In this case we could have started by joining zip_demographics with zip_lookup to create a new virtual dataset, then joined the new virtual dataset to incidents. The end result would be the same.

Now that we have all our data together, let’s click Save As and call this new virtual dataset incidents_demo. After you click Save, you’ll return to the dataset viewer and can click the Tableau button to launch Tableau connected to this dataset:

Join Multiple Datasets with Dremio

Example Visualizations

What follows are some interesting visualizations you can build with this data. First, we can compare patterns for stolen property incidents between days of the week:

Join Multiple Datasets with Dremio

Here we are visualizing incidents by zip code across all incident types.

Join Multiple Datasets with Dremio

Here’s a breakdown of type by zip code.

Join Multiple Datasets with Dremio

Assuming the number of incidents is more or less proportional to population, it might be interesting to compare “density” of events. Here we can see the 94103, 94014, 94015 are all very high in terms of incidents per population. In contrast, 94129, 94130, 94131 all look like there are far fewer incidents per population and might be the better places to live, all other factors being equal:

Join Multiple Datasets with Dremio

You’ll see these are not limited to the category VEHICLE THEFT. If you’d like to go update the virtual dataset to remove that limitation, go back to the original incidents virtual dataset and open the SQL editor window and click Edit Original SQL:

Join Multiple Datasets with Dremio

This will bring up the full history for this virtual dataset along with the version history of all the edits and who made each change, which are reflected by the dots on the right side:

Join Multiple Datasets with Dremio

You’ll notice the “filter rows” edit was the last change. Hover over the dot just below then click it to remove the filter rows change. You’ll see the SQL change to remove Category = ‘VEHICLE THEFT’.
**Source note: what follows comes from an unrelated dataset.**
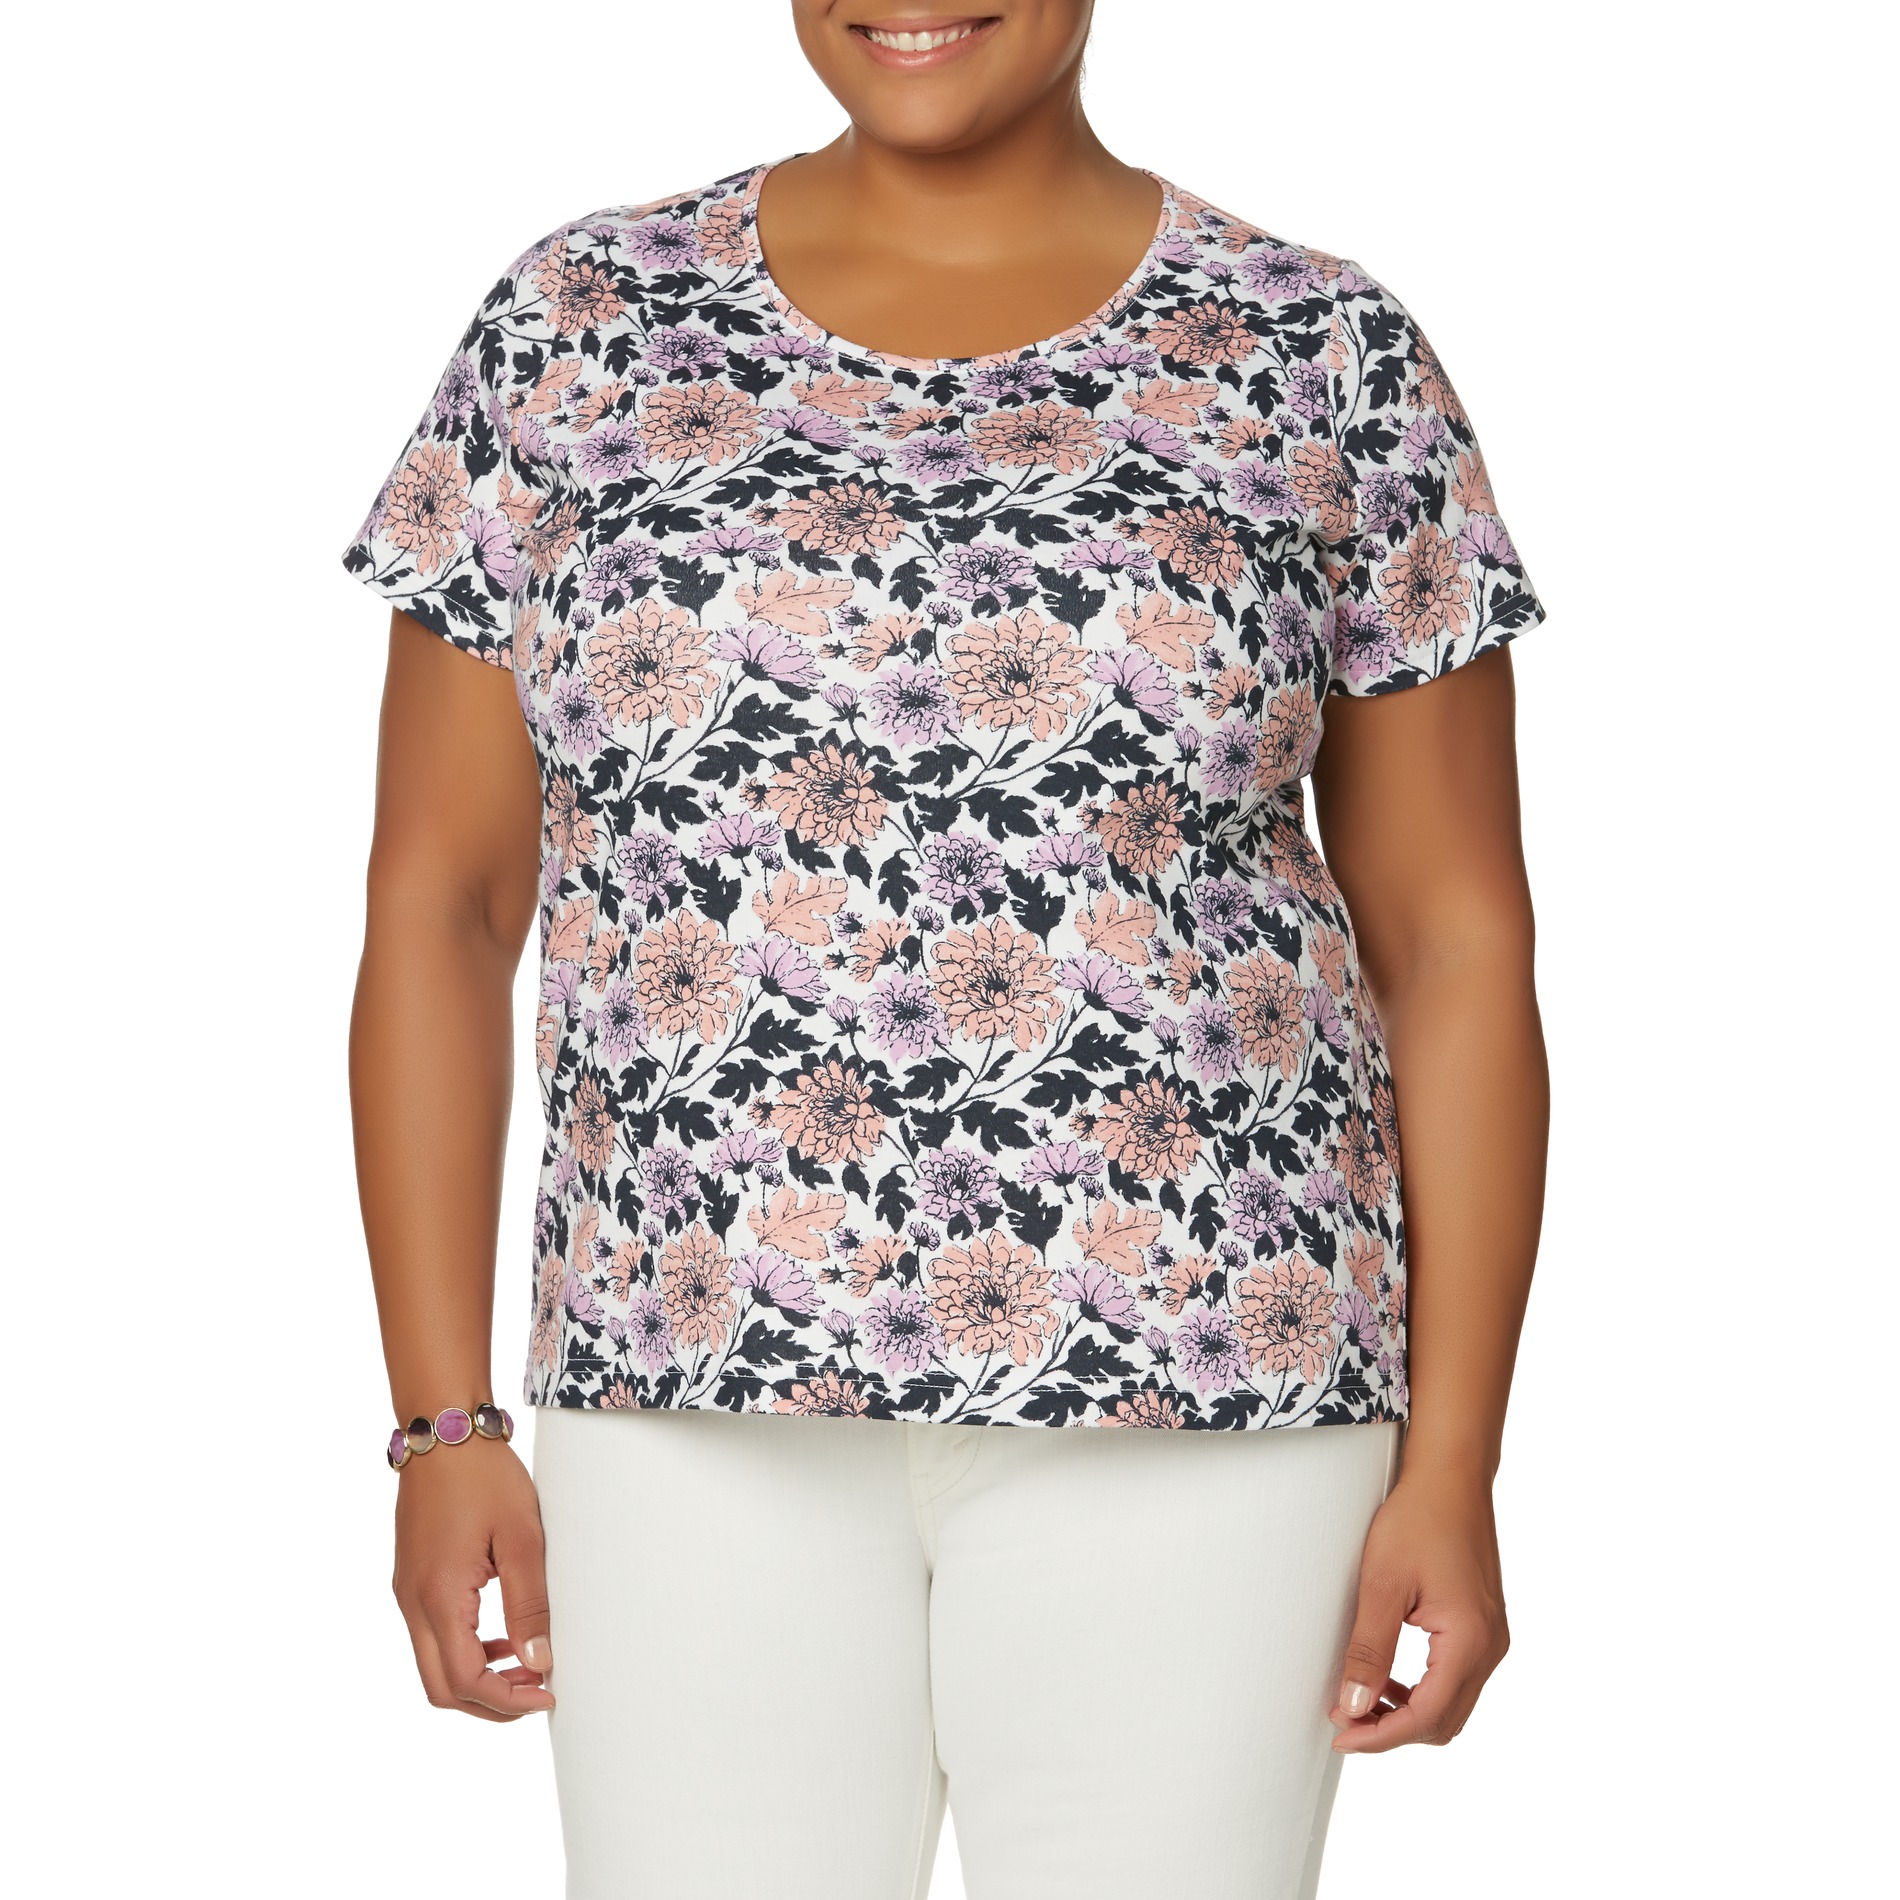 Basic Editions Women's Plus Relaxed Fit Top - Floral

Join Multiple Datasets with Dremio

You can now click Save. A dialog will warn you that by saving you will be losing some of the history related to this virtual dataset. Click OK and your changes to this virtual dataset will be available to available to queries going forward. This includes other virtual datasets that are dependent on this virtual dataset, including incidents_zip and incidents_demo.

Conclusion

In this tutorial we combined data from the city of San Francisco with demographic data to help us make better sense of patterns of incidents by zip code. While we visualized the results with Tableau, the work we did to join these different data sources can be used by any SQL-based tool.

Being able to combine data from multiple sources is essential when performing analysis. Here we worked with a few file formats of very modest size, but the power of Dremio is that these techniques could be applied to other sources like relational databases, MongoDB, Elasticsearch, and Hadoop, no matter the dataset size.

It’s also worth noting that we did this work with virtually no coding and without knowing SQL in depth.